The tech giants’ experience of the covid-19 pandemic, which has been accompanied by a deluge of online conspiracy theories, disinformation and nonsense, demonstrates the benefits of always keeping humans in the loop. Because human moderators see sensitive, private data, they typically work in offices with strict security policies (bringing smartphones to work, for instance, is usually prohibited).

科技巨头在新冠肺炎大流行中的经验证明了始终保持人类参与的好处。这场疫情伴随着大量的在线阴谋论、虚假信息和胡说八道。由于人类审查员会看到敏感的私人数据,因此他们通常在执行严格安全策略的办公室中工作(例如,通常被禁止携带智能手机上班)。
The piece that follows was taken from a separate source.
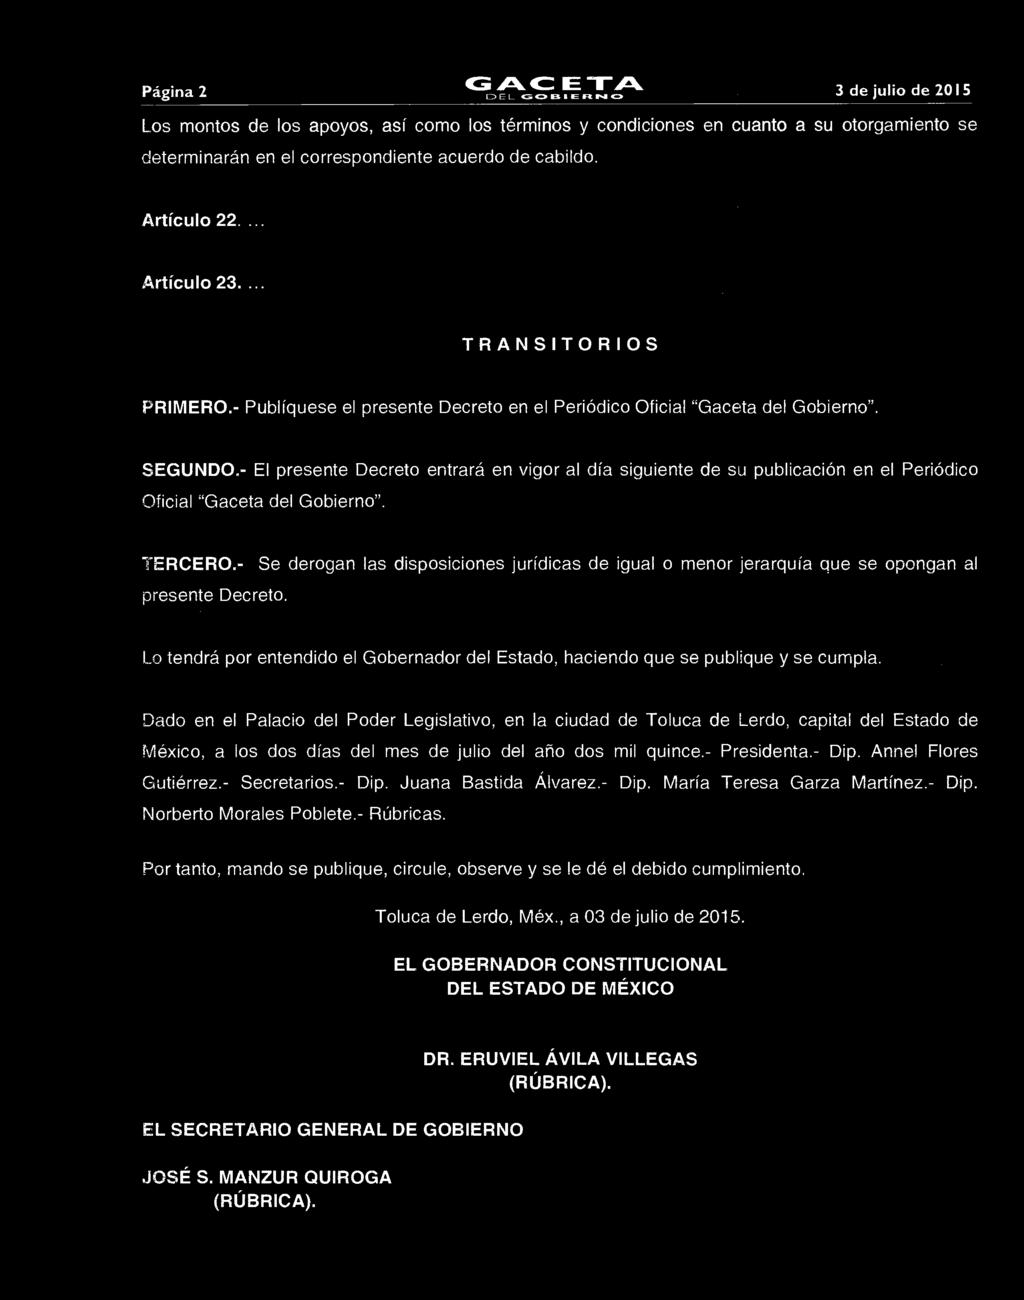 ... Artículo 23.... TRANSITORIOS PRIMERO.- Publíquese el presente Decreto en el Periódico Oficial "Gaceta del Gobierno". SEGUNDO.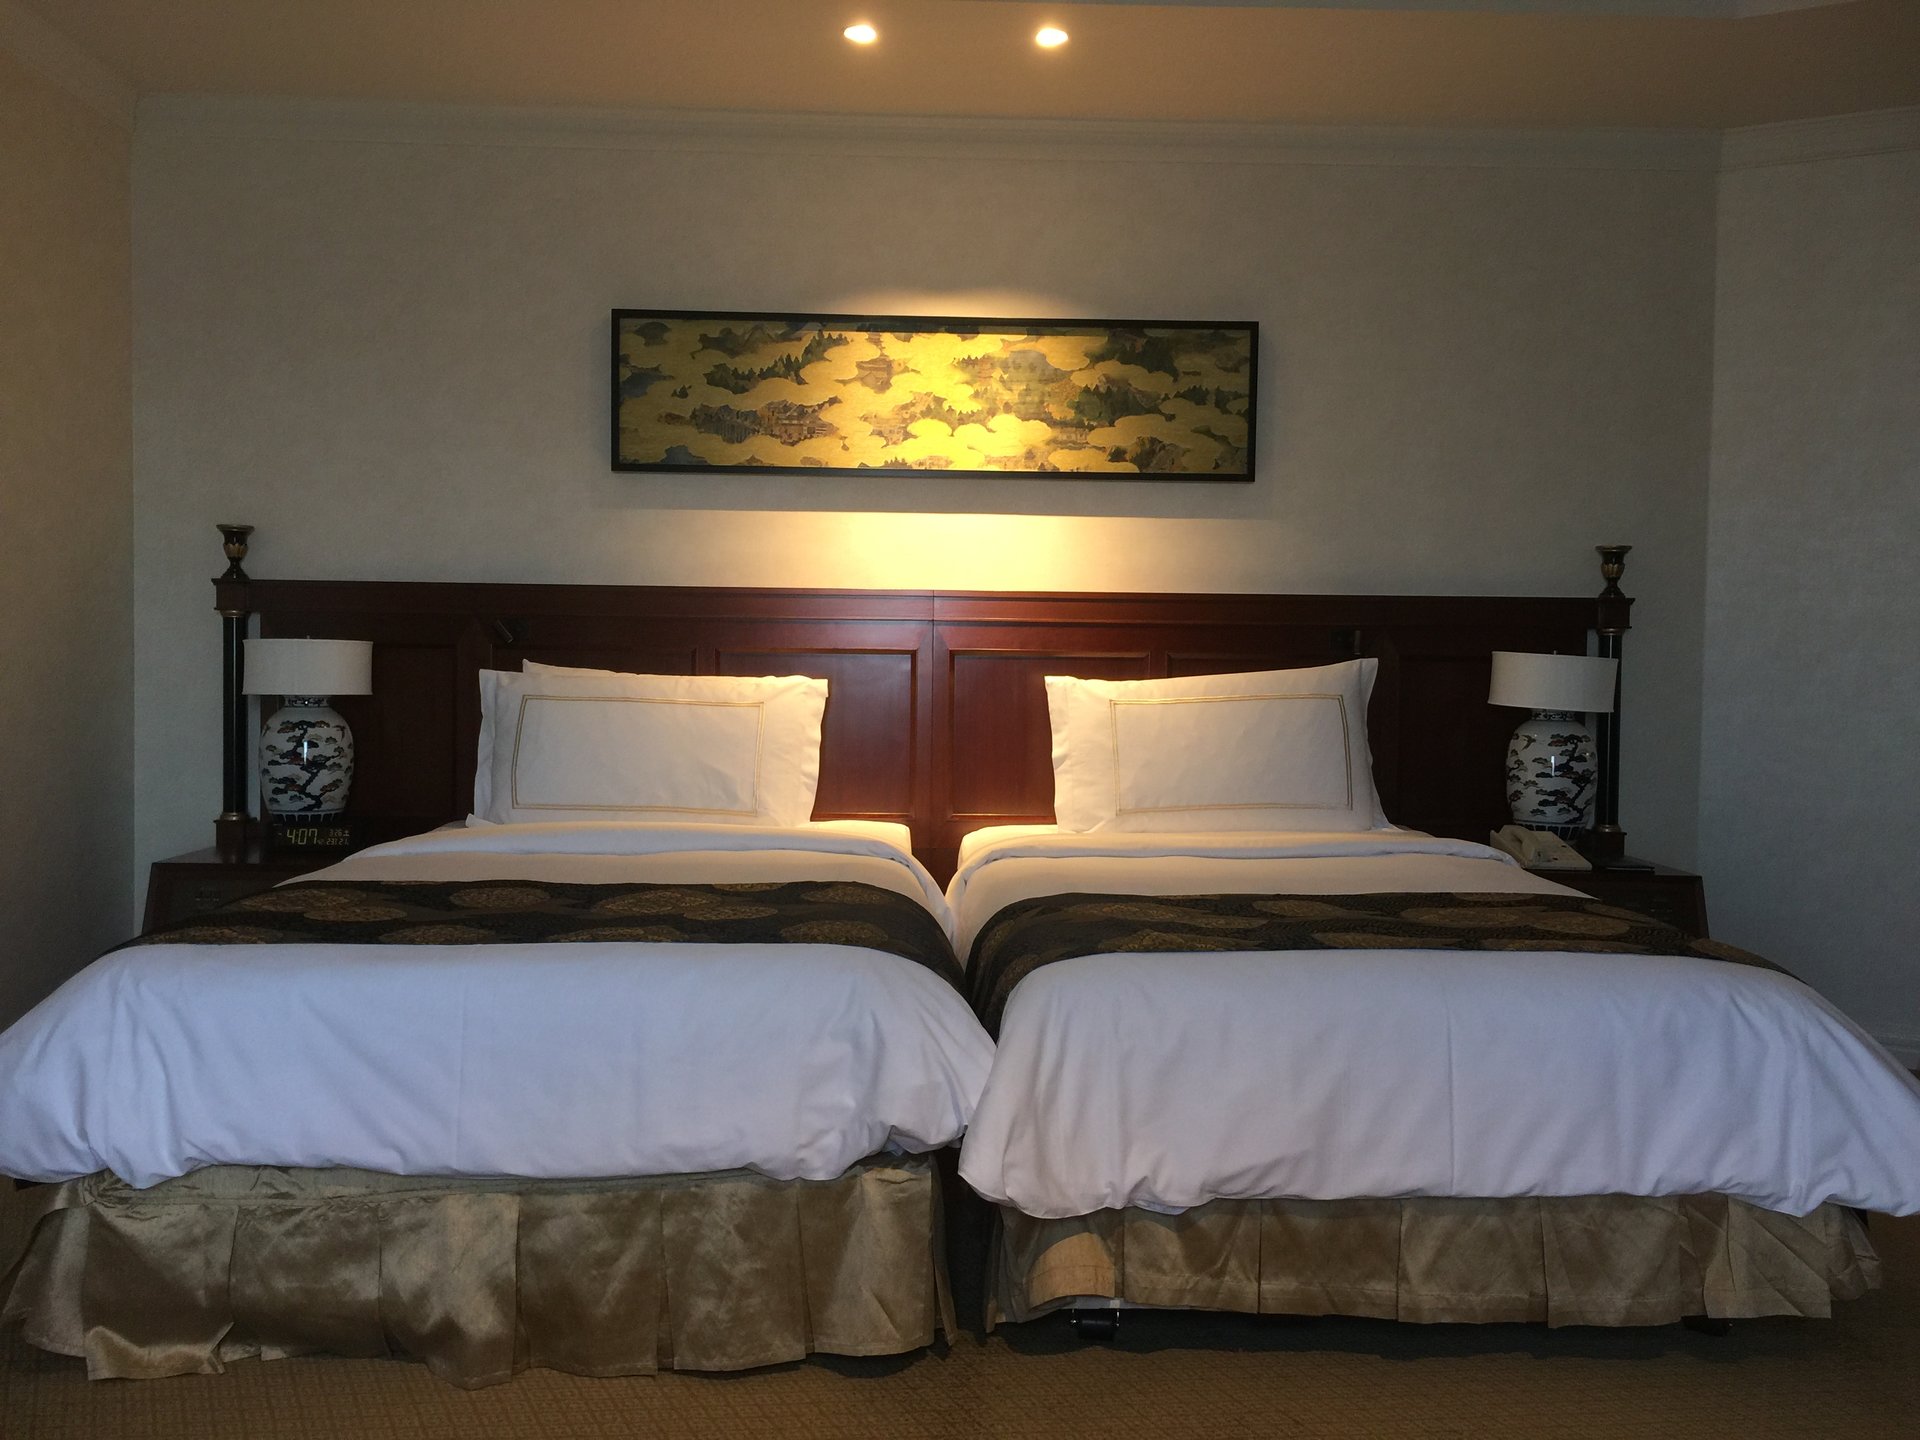 ホテル椿山荘の標準客室が豪華♡ホテルステイにアフタヌーンティーのご褒美デー

In early March, as the disease spread, tech firms sent their content moderators home, where such security is tough to enforce. That meant an increased reliance on the algorithms. The firms were frank about the impact. More videos would end up being removed, said YouTube, “including some that may not violate [our] policies”. Facebook admitted that less human supervision would likely mean “longer response times and more mistakes”. AI can do a lot. But it works best when humans are there to hold its hand. ■

今年3月初,随着疾病蔓延,科技公司让其内容审查员回家办公,让此类安全措施很难实施。这意味着对算法的依赖增加了。这些公司对其影响直言不讳。YouTube表示,这会删除更多视频,“其中有些可能并没有违反我们的政策”。Facebook承认,更少的人员监督可能意味着“更长的响应时间和更多的错误”。AI可以做很多事情。但只有在人类在旁引导时才做得最好。